START Information shown
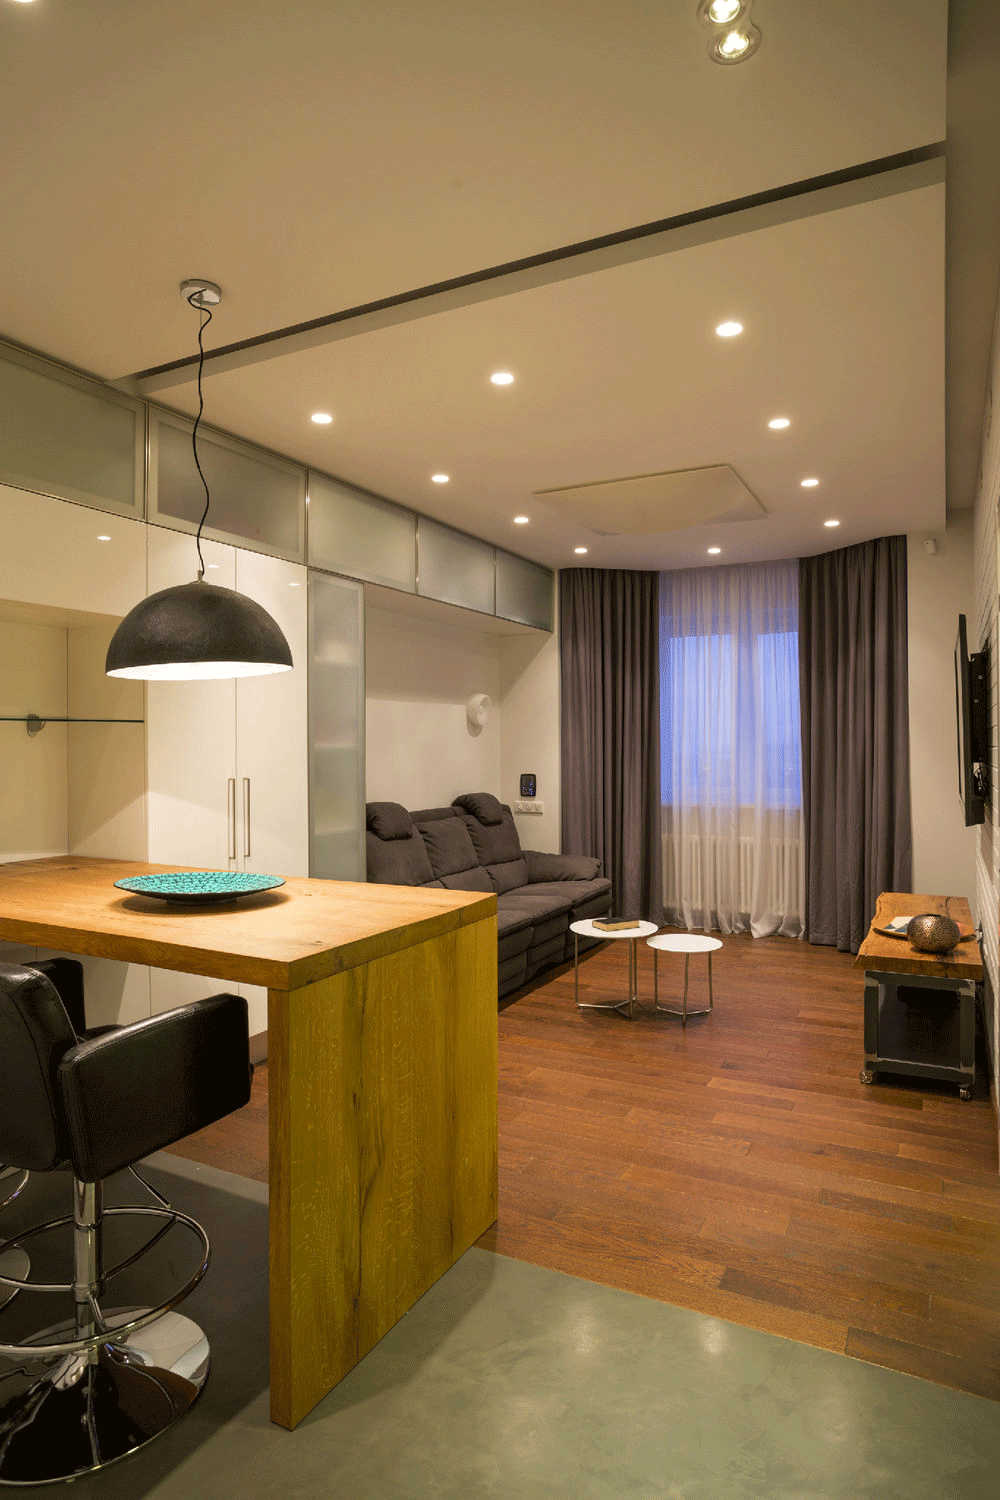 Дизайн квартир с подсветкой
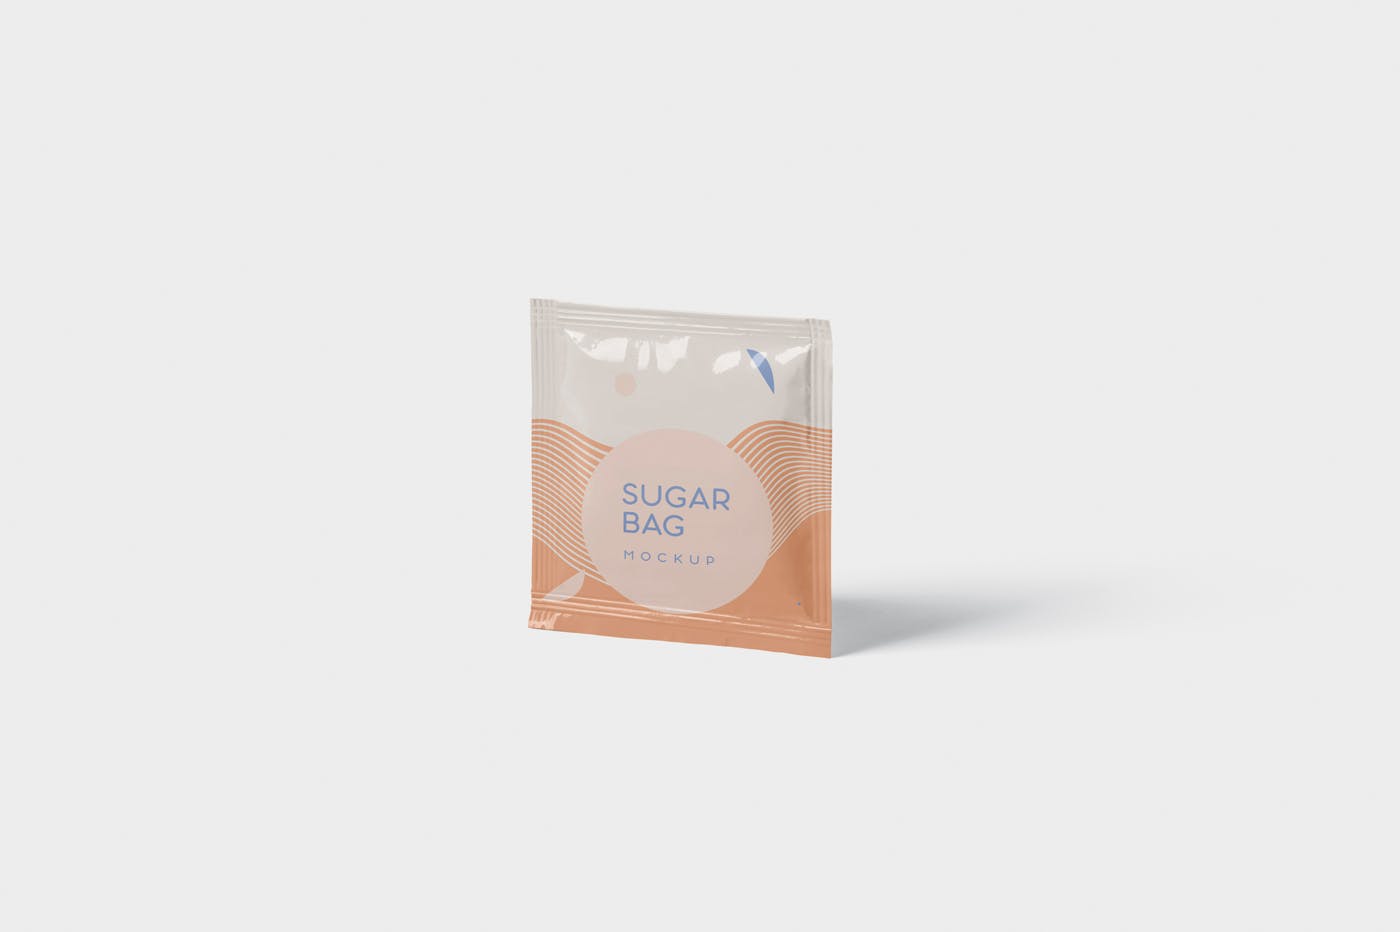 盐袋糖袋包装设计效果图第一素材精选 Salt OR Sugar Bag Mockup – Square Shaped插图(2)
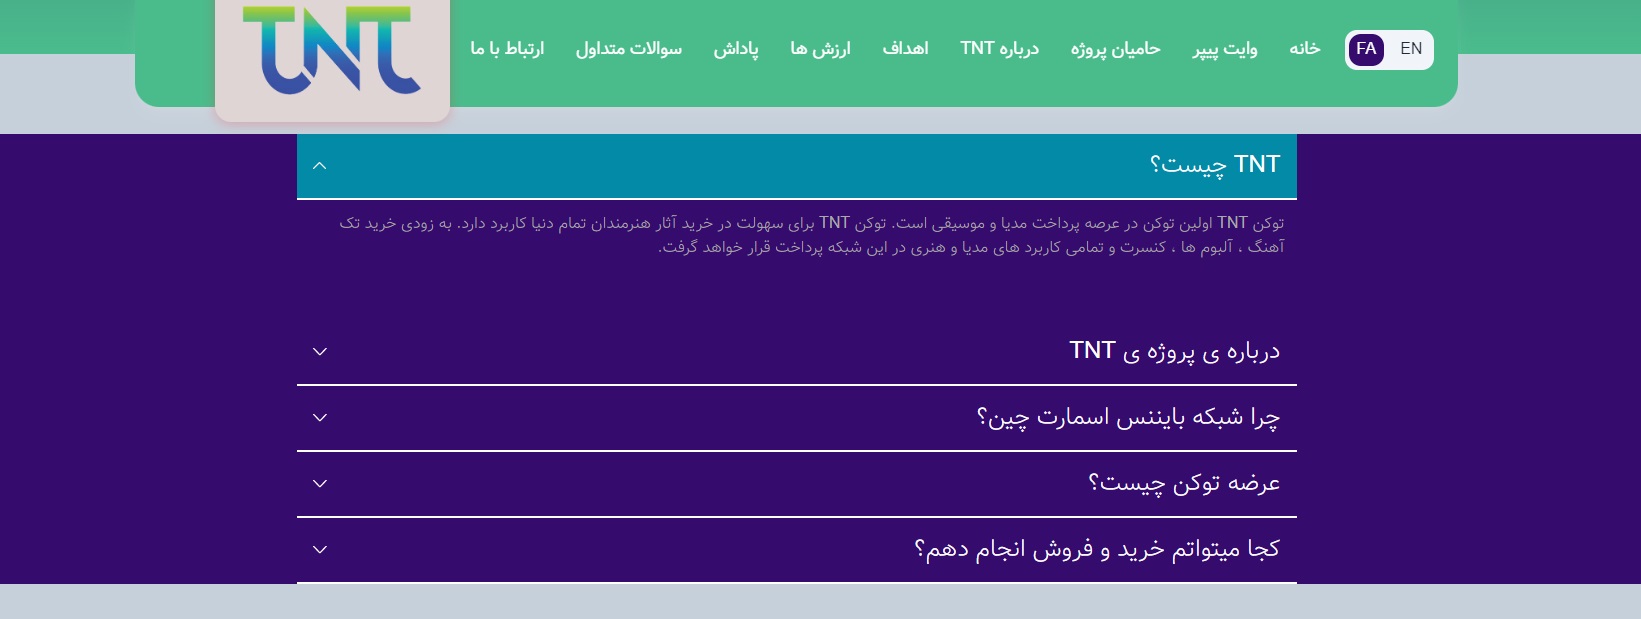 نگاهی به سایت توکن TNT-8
END Information shown
Set down the material above exactly as written, but not the pictures.

# [Exercise output]
 Дизайн квартир с подсветкой
 盐袋糖袋包装设计效果图第一素材精选 Salt OR Sugar Bag Mockup – Square Shaped插图(2)
 نگاهی به سایت توکن TNT-8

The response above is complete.